First, the market is not a force of nature, like gravity.
Second, it is not like a calculus formula, where you plug in the variables, crank the handle, and voila, predictable results!
It IS a good theory. In a neutral environment, the economic choices people freely make determines costs.
Alas, there is no neutrality. Companies spend major dinero (without any by-your-leave from the owners) in the political and legal process to gain advantage, or hamstring an opponent.
Amazingly, a lot of free-marketeers that avail themselves of the political process go simply rabid when joe citizen tries to get into the game.
Let citizens form together as, say as a RiverWatch group, to keep local waters clean enough to swim and fish in. Watch corporations file SLAPP lawsuits to stop the group ( I guess Bush's tort reform doesn't reform corporate lawyers :angry: ).
Watch the Ken Lays of the world enrich themselves at shareholder expense. Watch the owners, like CALPERS, try to make management and the board accountable. Watch management and the board ignore CALPER's vote of no confidence, saying they will take the results "under advisement."
Watch Haliburton, AS WE SPEAK, trade with Iran (which is illegal) thru a sham subsidiary. Accountability, anyone?
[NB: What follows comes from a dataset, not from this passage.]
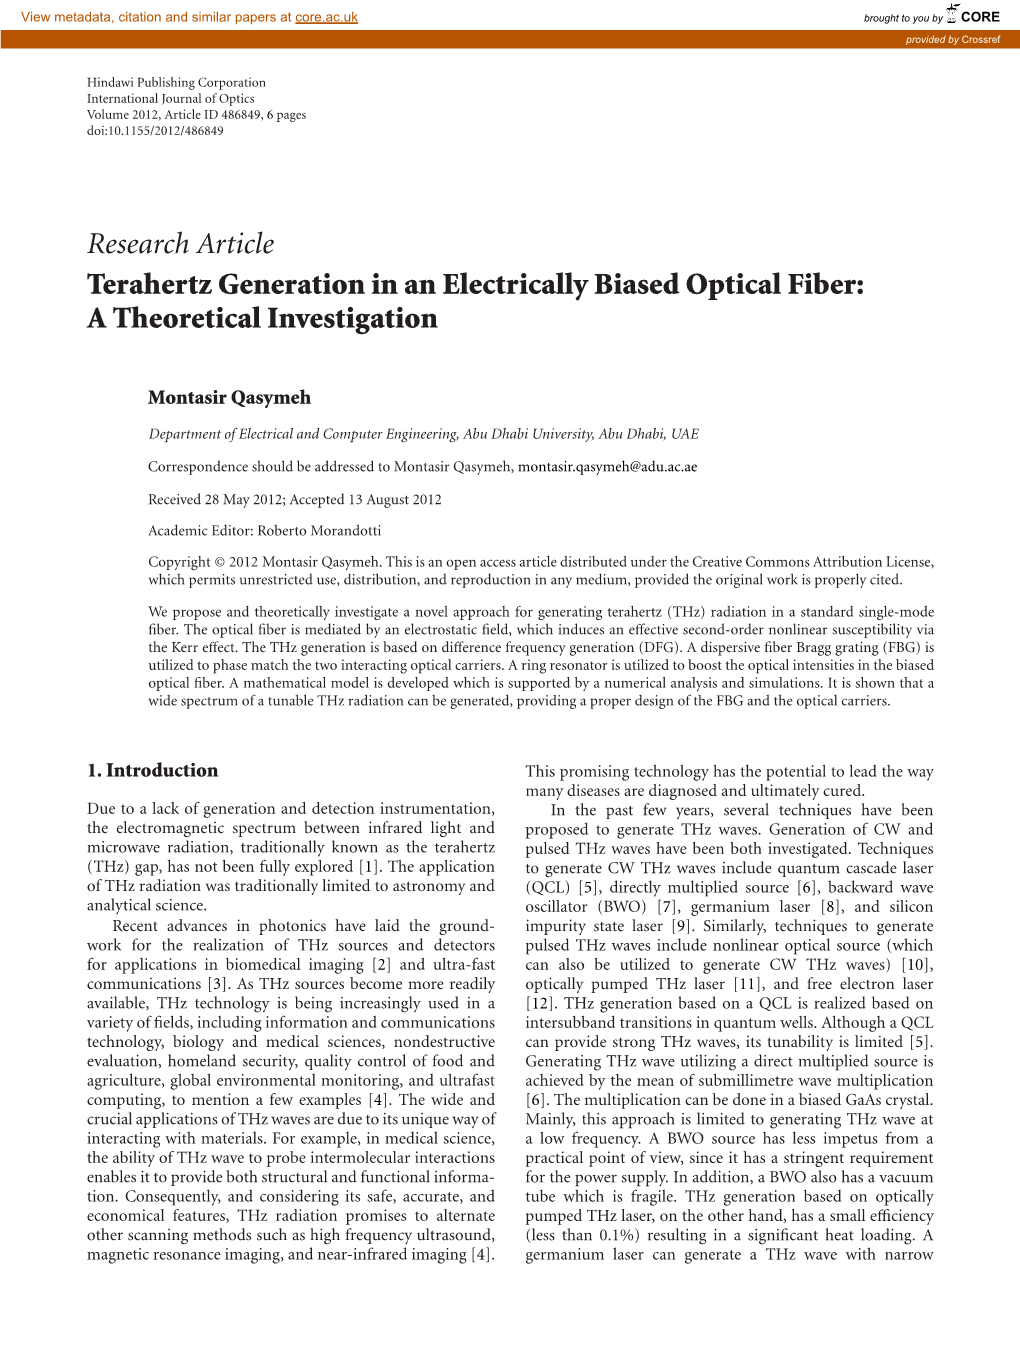 Research Article Terahertz Generation in an Electrically Biased Optical Fiber: a Theoretical Investigation
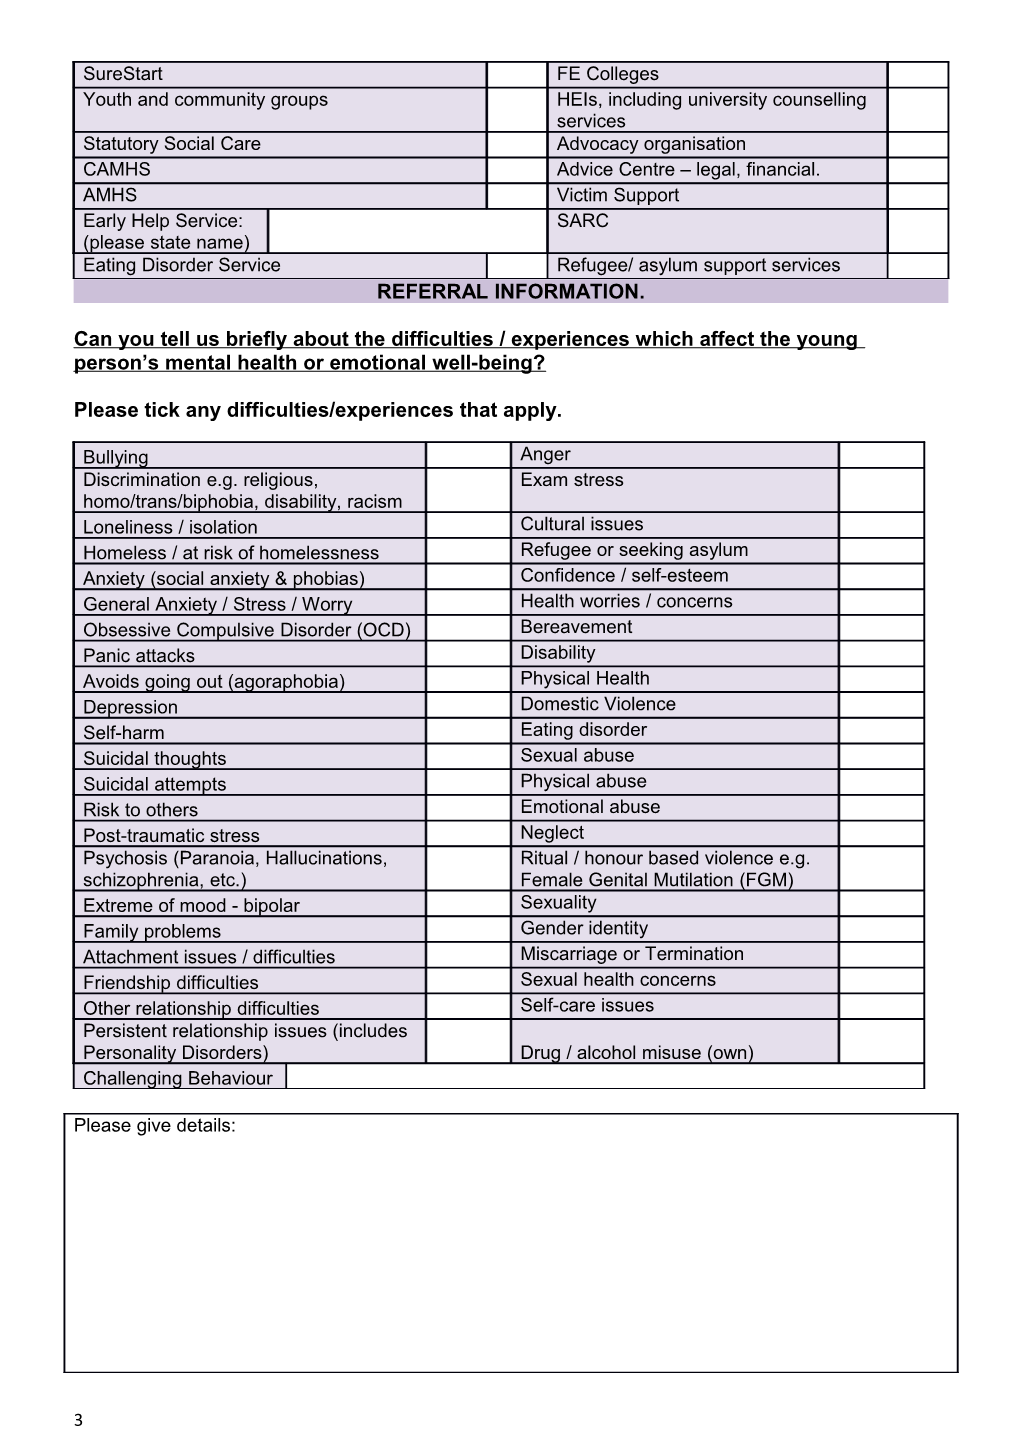 42Nd Street Referral Form 2016 - for Professionals

While a free market is a nice idea, as it is currently described, it does not do justice to accountability. Free marketeers say the market will eventually correct a bad deal, and in the meanwhile caveat emptor. The problem is, while we're waiting for 'eventually' to arrive, people can (with apologies to Keynes) die, environment can be irrepairably damaged, and life savings can vanish.
Moreover, for the ideal free market to work, transactions must be transparent. It is plain to see from the Enron's and Arthur Andersen's of the world that the year of jubilee is not yet upon us.
In the real world, corporations are playing with some sharp elbows to maximize, at any and all costs, profits.
Having read about the 1930's, I have no desire to experience them, and am rooting for joe citizen to throw an elbow or two for himself.